To be fair, having logic in template is not necessarily a bad thing - I’m not advocating for a purist approach like Mustache, and I find the amount of logic in most templating language acceptable.

The problem is with the way Angular template allows for, and even to some extend encourages the binding of everything onto the components. This makes it easy to slowly build up layers of event emitters and inputs until you get the result seen above, instead of using a properly planned out data model for the application. Now most of our components are a mess of event handlers, emitters and properties with extremely poor separation of concerns, and whenever we need to reuse a component, we usually copy and paste the code

Unnecessary Verbosity

Consider the component, the basic building block in most modern JavaScript applications. One of the best thing to have happened to frontend development is the idea that the web applications should be organized into independent, reusable components. Ideally this means that components should be easy to create. Angular’s are the exact opposite of that.

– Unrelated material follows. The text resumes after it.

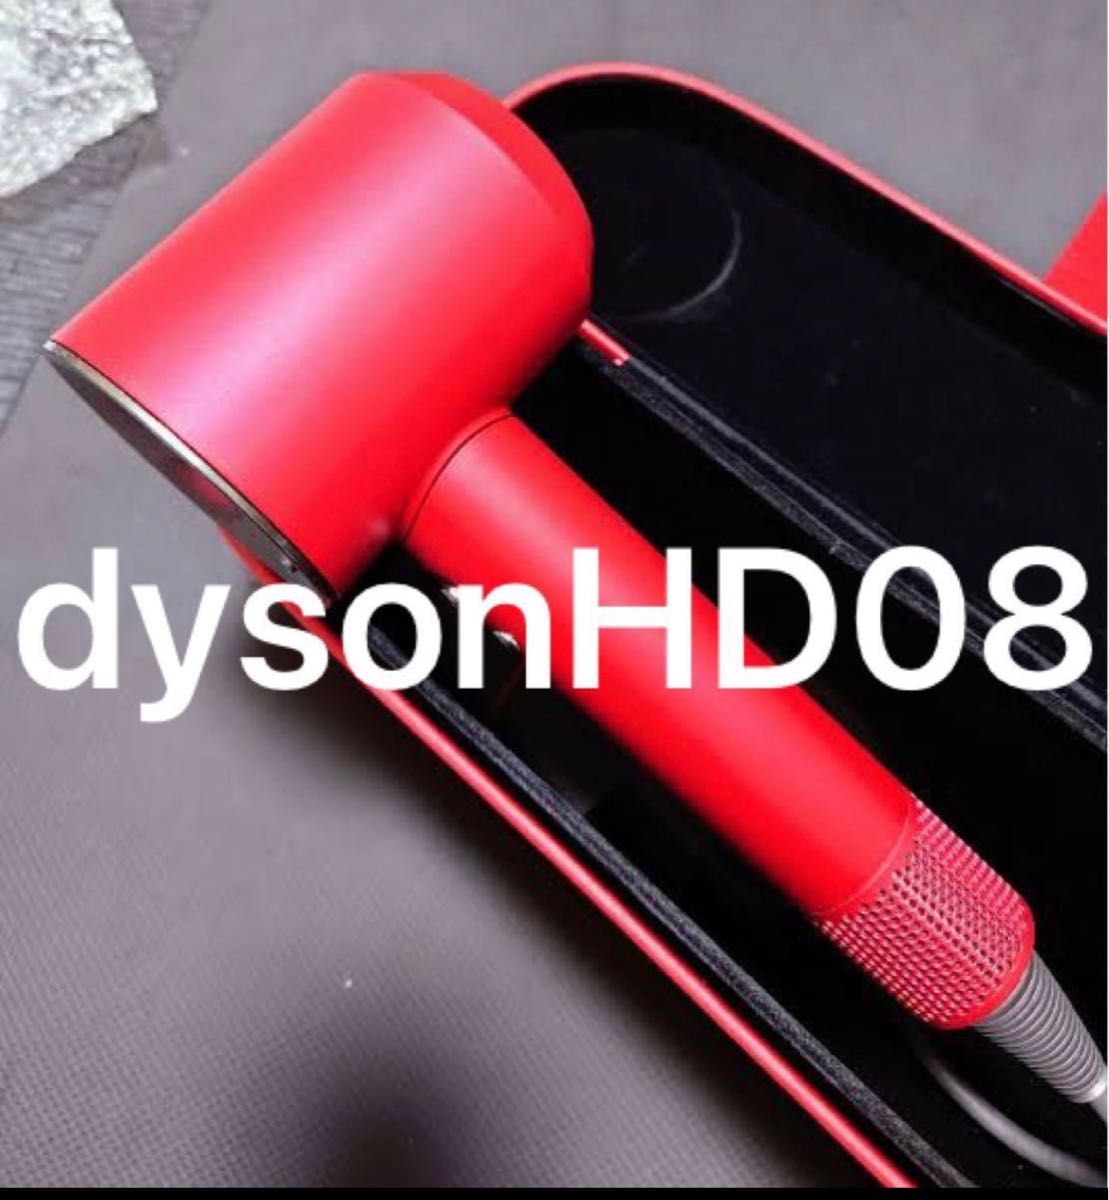 【未使用】dyson ヘアドライヤー HD08 レッド【付属品あり】 ヘアドライヤー 【待望★】

To create a component in Angular, you have to create separate files for JS, CSS and HTML. Depending on the setup, the JavaScript may need to be compiled from TypeScript and the CSS from SCSS or LESS, so that’s five files just for a single component. With that many files, you need a separate folder for each component. The component itself is a class decorated with a @Component decorator, declaring component metadata such as the styles, template, and a selector so that the component can be reused elsewhere. You then inject the component dependencies through the constructor, and remember to declare the component lifecycle interfaces. Finally you need to declare the component in the app’s module file. That is a lot of work just to set up a single component.

Compare this with Vue’s single file components. For Vue, the markup, style and logic gets declared in a single file. The component is expressed as a simple object. There is very little ceremony, making it easy to create new components.

Single file components are also possible with Angular, but you need to declare the markup and styling in TypeScript itself, and it is (as far as I know) incompatible with preprocessors such as SCSS which we need to manage our CSS variables.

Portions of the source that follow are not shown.